Add a vault inspection button to execute batch sorting scripts through Codex:

Scan the entire Obsidian vault:
1. Mark orphan files without internal links
2. Tag untagged notes by content topic via LLM
3. Merge duplicate concept notes
4. Generate vault structure overview report and save as Vault-Overview.md

Final Optimization Tips

  1. Retain your original Dataview query code to avoid abandoning existing note statistics
  2. Limit concurrent AI task quantity to prevent local port service overload
  3. Add switch toggles in plugin settings to turn off RSS/GitHub data modules when not needed
  4. Bind hotkeys for core dashboard functions via Obsidian hotkey settings panel

常见问题

Will this plugin conflict with my existing Obsidian plugins?

No. The AI Dashboard plugin is a standalone custom plugin that runs independently. It doesn't modify or interfere with Dataview, Templater, or any other community plugins. You can keep all your existing plugins and simply add this one as a new dashboard layer.

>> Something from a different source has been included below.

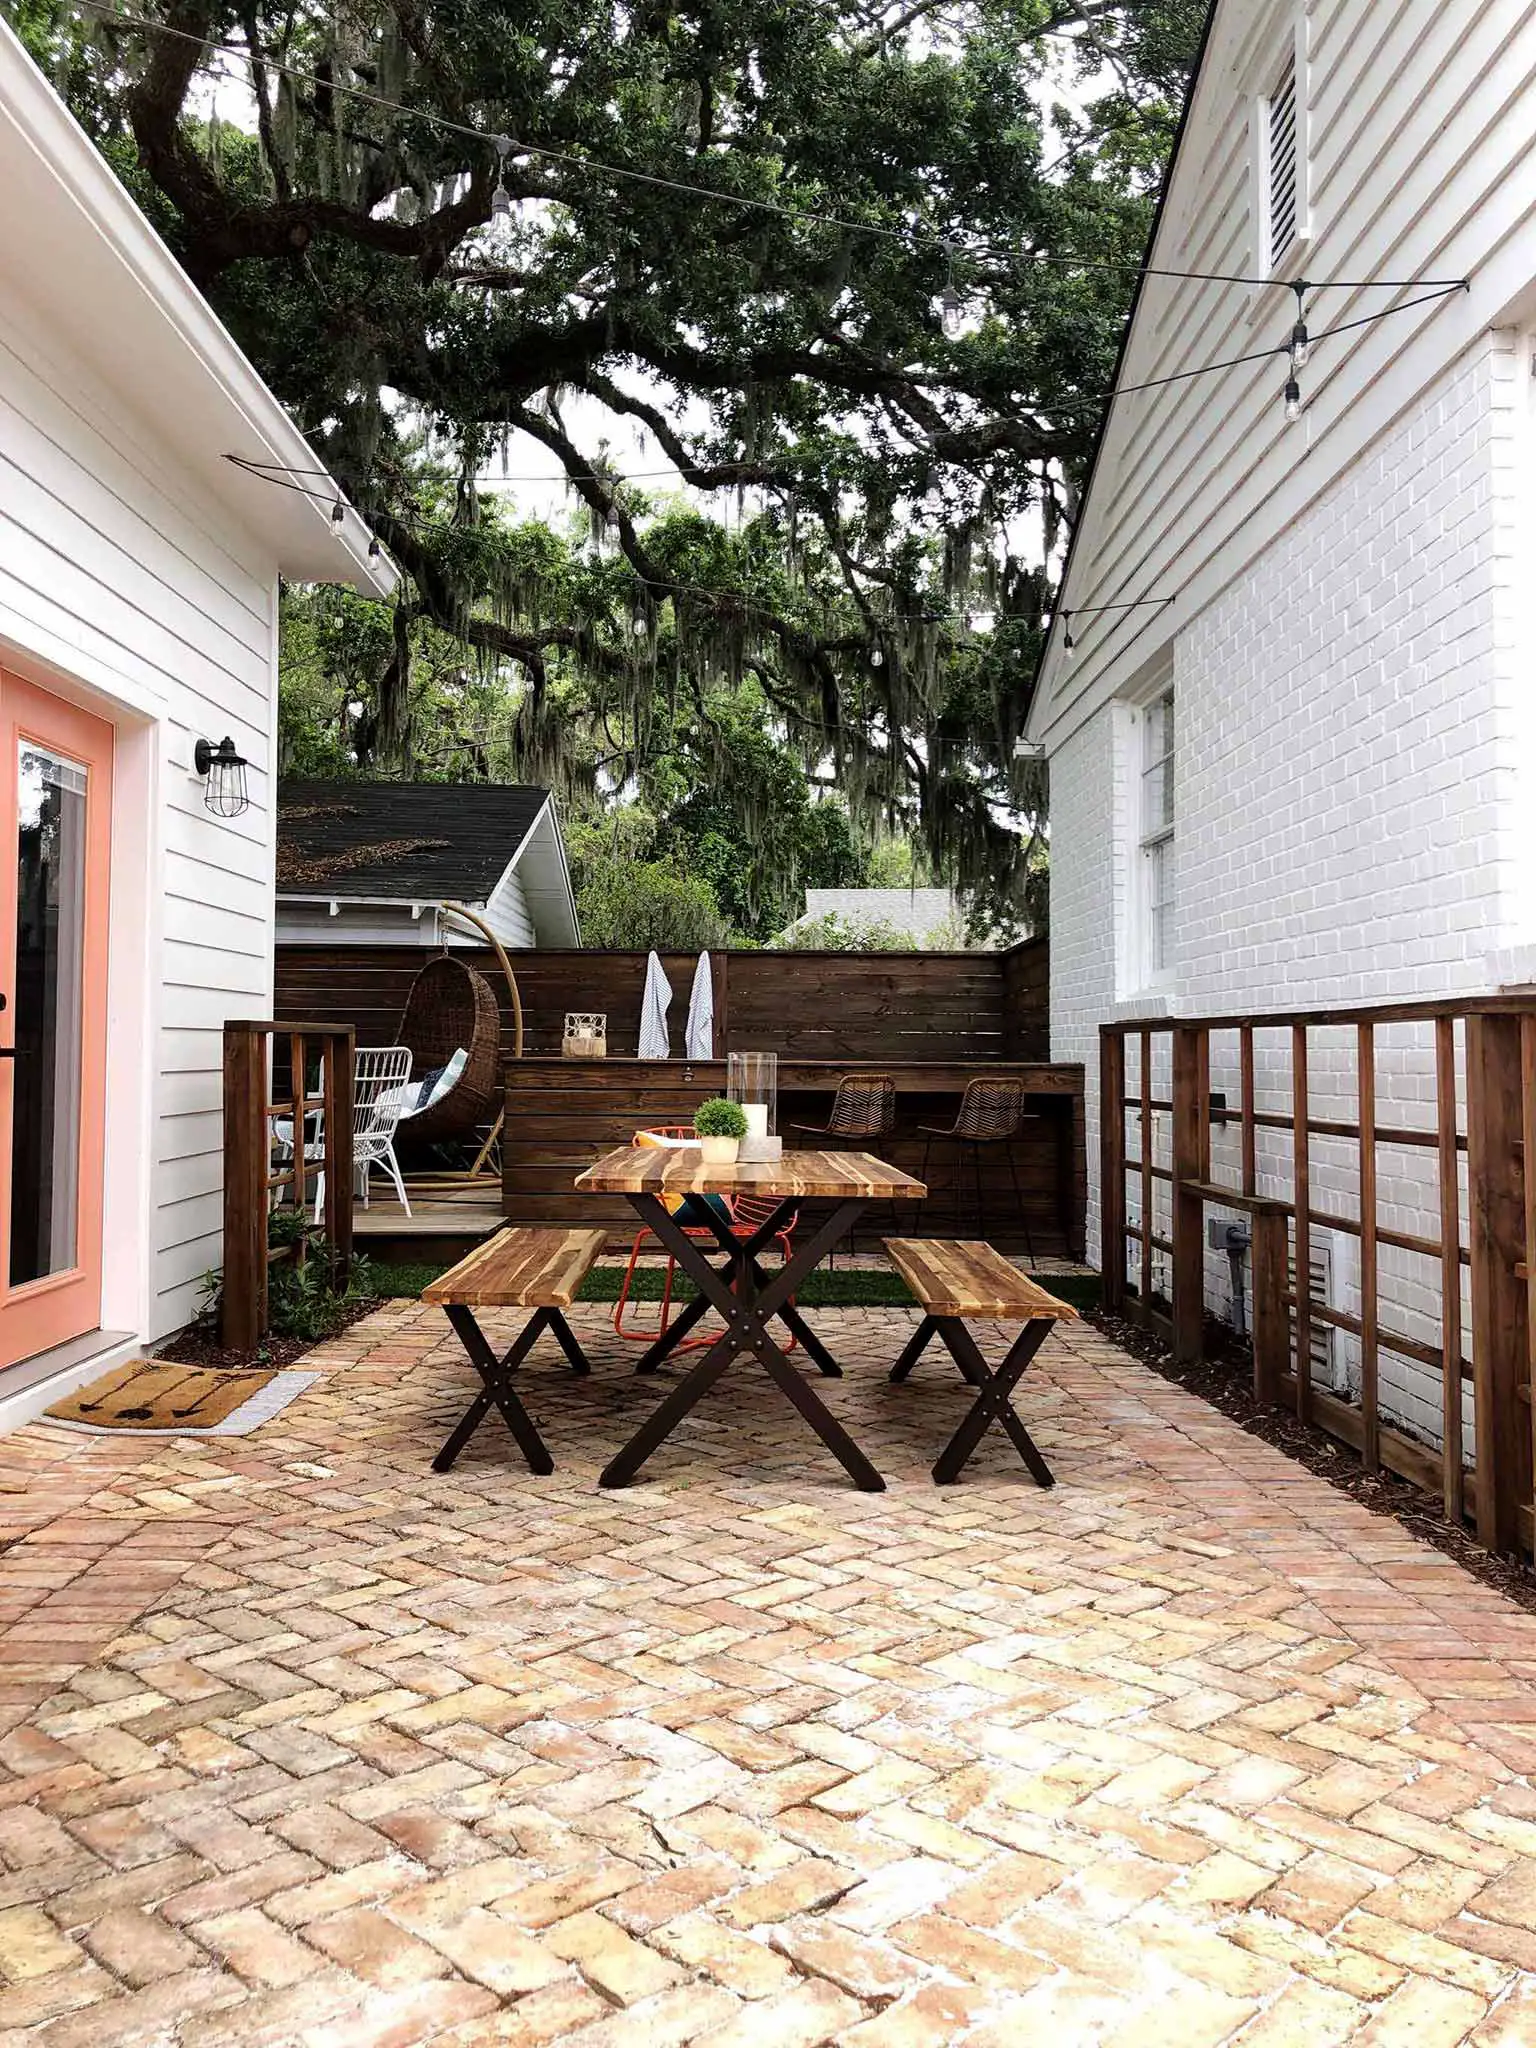 brick patio with table and benches
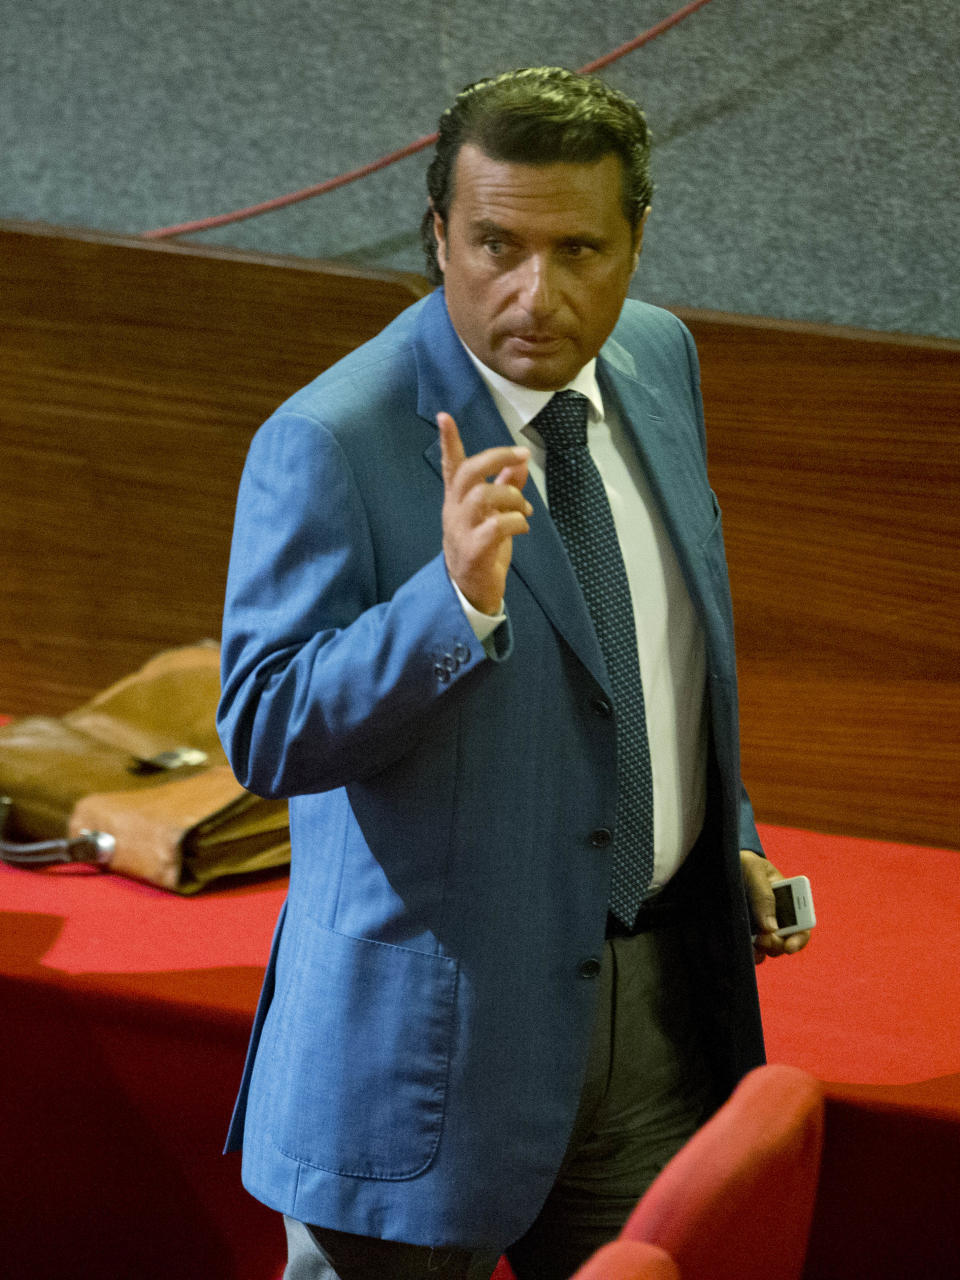 Captain Francesco Schettino leaves the court room of the converted Teatro Moderno theater on the second day of his trial, in Grosseto, Italy, Tuesday, Sept. 24, 2013. The captain of the wrecked Costa Concordia is charged with manslaughter, causing the shipwreck and abandoning ship before the luxury cruise liner's 4,200 passengers and crew could be evacuated on Jan. 13, 2012 when the ship collided with a reef off the Tuscan island of Giglio, killing 32 people. Schettino blames his helmsman for botching a last-minute corrective maneuver that he contends could have prevented the massive cruise ship's collision with the reef. (AP Photo/Andrew Medichini)

Do I need to keep Claude Code running in the background?

Only when you want to trigger AI tasks from the dashboard. The claude-code serve command runs a lightweight HTTP server on port 8080 that listens for dashboard requests. When not in use, you can stop it to free resources. The dashboard itself works fine without it — you just won't have one-click AI execution until the service is running.

Can I customize which AI agent handles which task?

Yes. The button handlers in Step 3 are fully customizable. You can route different tasks to different agents — for example, send code generation to Codex, deep research to Claude Code, and vault organization to a local LLM. Just modify the fetch URL and payload for each button.